We suspect that the bug(s) encountered while upgrading ulsfo might have been caused by running a mix of Varnish 3 and Varnish 4 through multiple layers of caches (ulsfo -> codfw -> eqiad -> swift). To confirm whether this is the case, we want to test a v4-only stack against real users. The following plan has been devised to achieve that goal:

Rollback ulsfo to v3-only by downgrading cp4005
Route ulsfo straight to eqiad, without going through codfw
Connect codfw directly to swift
Upgrade codfw to v4

This way, we will have codfw running a v4-only stack connected straight to swift with real traffic hitting v4 directly.

Change 308560 had a related patch set uploaded (by Ema):
Revert "Upgrade cp4005 (ulsfo cache_upload) to Varnish 4"

https://gerrit.wikimedia.org/r/308560

Change 308560 merged by Ema:
Revert "Upgrade cp4005 (ulsfo cache_upload) to Varnish 4"

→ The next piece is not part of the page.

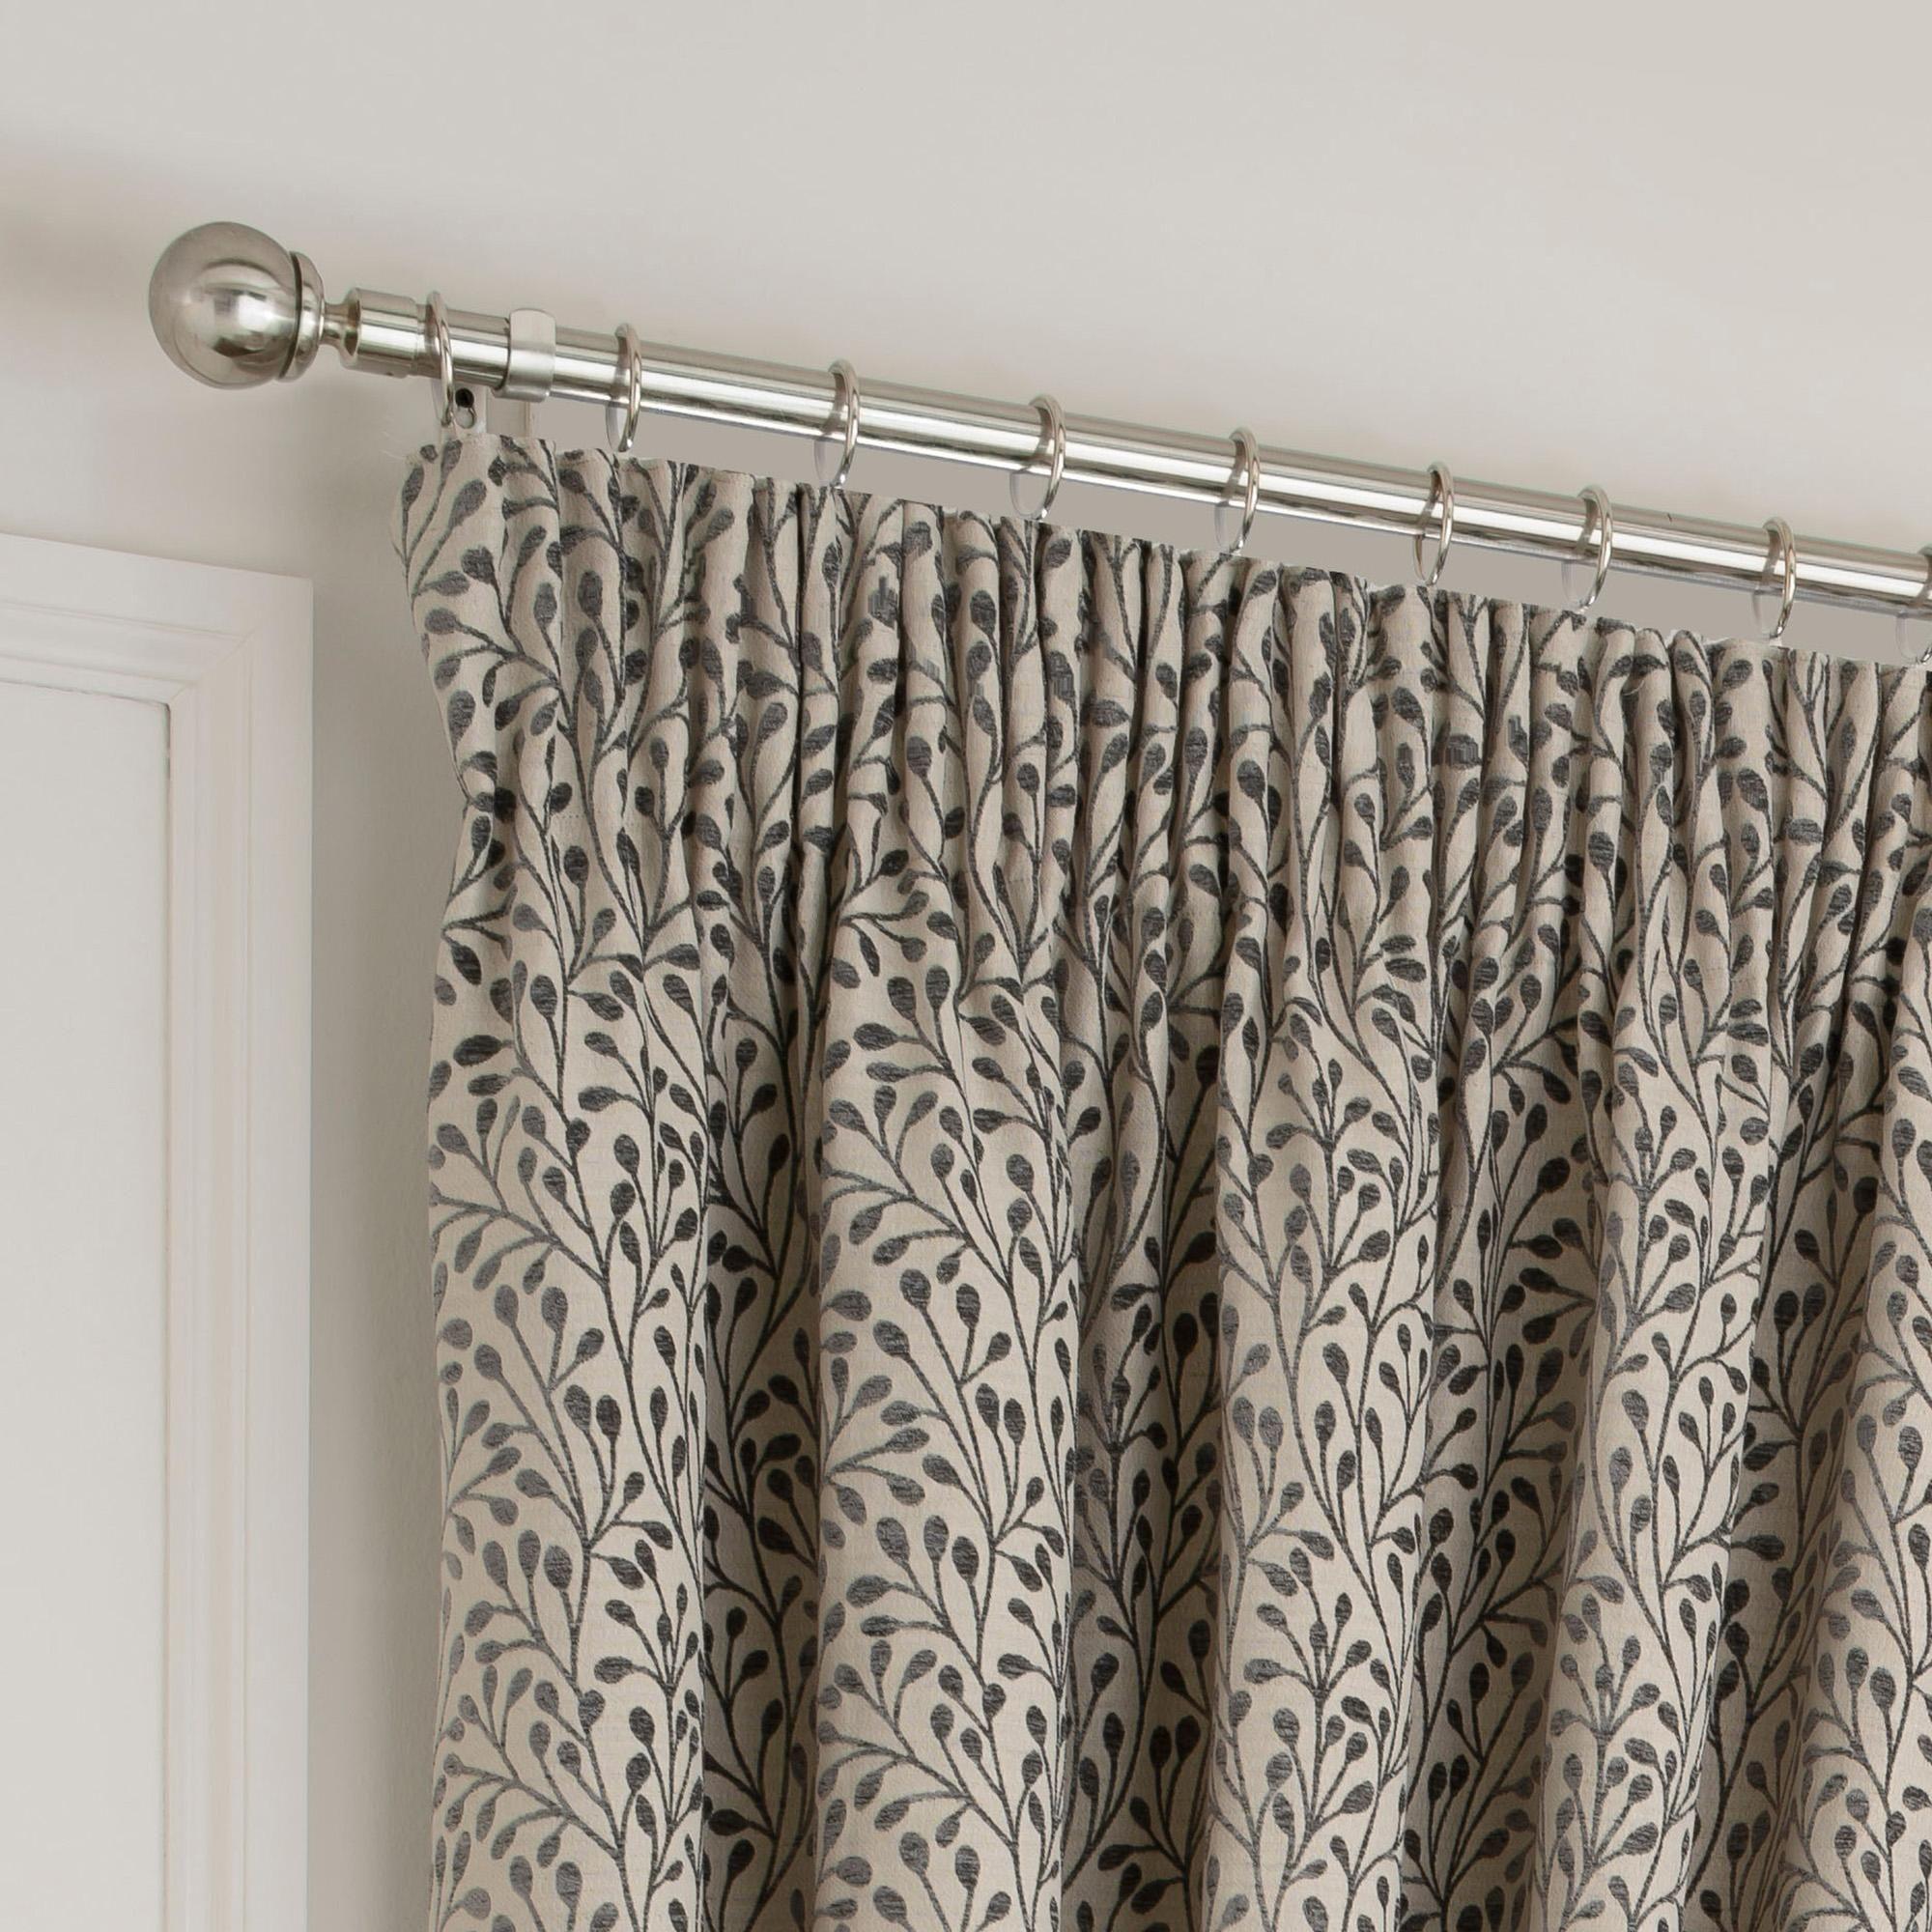 Dunelm Willow Grey Cotton Pencil Pleat Curtains (W 228cm

https://gerrit.wikimedia.org/r/308560

Mentioned in SAL [2016-09-05T12:41:42Z] <ema> downgrading cp4005 to varnish 3 T131502

In T131502#2608658, @ema wrote:

We suspect that the bug(s) encountered while upgrading ulsfo might have been caused by running a mix of Varnish 3 and Varnish 4 through multiple layers of caches (ulsfo -> codfw -> eqiad -> swift). To confirm whether this is the case, we want to test a v4-only stack against real users. The following plan has been devised to achieve that goal:

Rollback ulsfo to v3-only by downgrading cp4005

Route ulsfo straight to eqiad, without going through codfw

Connect codfw directly to swift

re: replication and swift, since https://gerrit.wikimedia.org/r/#/c/293272/ mw is writing to both codfw and swift synchronously, with swiftrepl doing the catch up on transient errors. Therefore having codfw cache_upload talk to swift codfw should work

Change 308582 had a related patch set uploaded (by Ema):
cache_upload: route around codfw in cache::route_table

https://gerrit.wikimedia.org/r/308582

Change 308582 merged by Ema:
cache_upload: route around codfw in cache::route_table

https://gerrit.wikimedia.org/r/308582

Change 308588 had a related patch set uploaded (by Ema):
cache_upload: route codfw straight to applayer

https://gerrit.wikimedia.org/r/308588

Change 308588 merged by Ema:
cache_upload: route codfw straight to applayer

https://gerrit.wikimedia.org/r/308588

Change 308593 had a related patch set uploaded (by Ema):
Upgrade upload codfw to Varnish 4

https://gerrit.wikimedia.org/r/308593

Change 308593 merged by Ema:
Upgrade upload codfw to Varnish 4

https://gerrit.wikimedia.org/r/308593

Mentioned in SAL [2016-09-05T17:35:05Z] <ema> upgrading cp2022 to varnish 4 T131502

Mentioned in SAL [2016-09-05T18:31:23Z] <ema> upgrading cp2026 to varnish 4 T131502

Mentioned in SAL [2016-09-05T19:22:03Z] <ema> upgrading cp2024 to varnish 4 T131502

Mentioned in SAL [2016-09-05T19:45:39Z] <ema> upgrading cp2020 to varnish 4 T131502

Mentioned in SAL [2016-09-05T20:41:21Z] <ema> upgrading cp2017 to varnish 4 T131502

Mentioned in SAL [2016-09-05T21:28:39Z] <ema> upgrading cp2014 to varnish 4 T131502

Mentioned in SAL [2016-09-05T21:59:32Z] <ema> upgrading cp2011 to varnish 4 T131502

Mentioned in SAL [2016-09-05T22:24:12Z] <ema> upgrading cp2008 to varnish 4 T131502

Mentioned in SAL [2016-09-05T22:49:57Z] <ema> upgrading cp2005 to varnish 4 T131502

Mentioned in SAL [2016-09-05T23:17:43Z] <ema> upgrading cp2002 to varnish 4 T131502

In T131502#2608658, @ema wrote:

We suspect that the bug(s) encountered while upgrading ulsfo might have been caused by running a mix of Varnish 3 and Varnish 4 through multiple layers of caches (ulsfo -> codfw -> eqiad -> swift). To confirm whether this is the case, we want to test a v4-only stack against real users.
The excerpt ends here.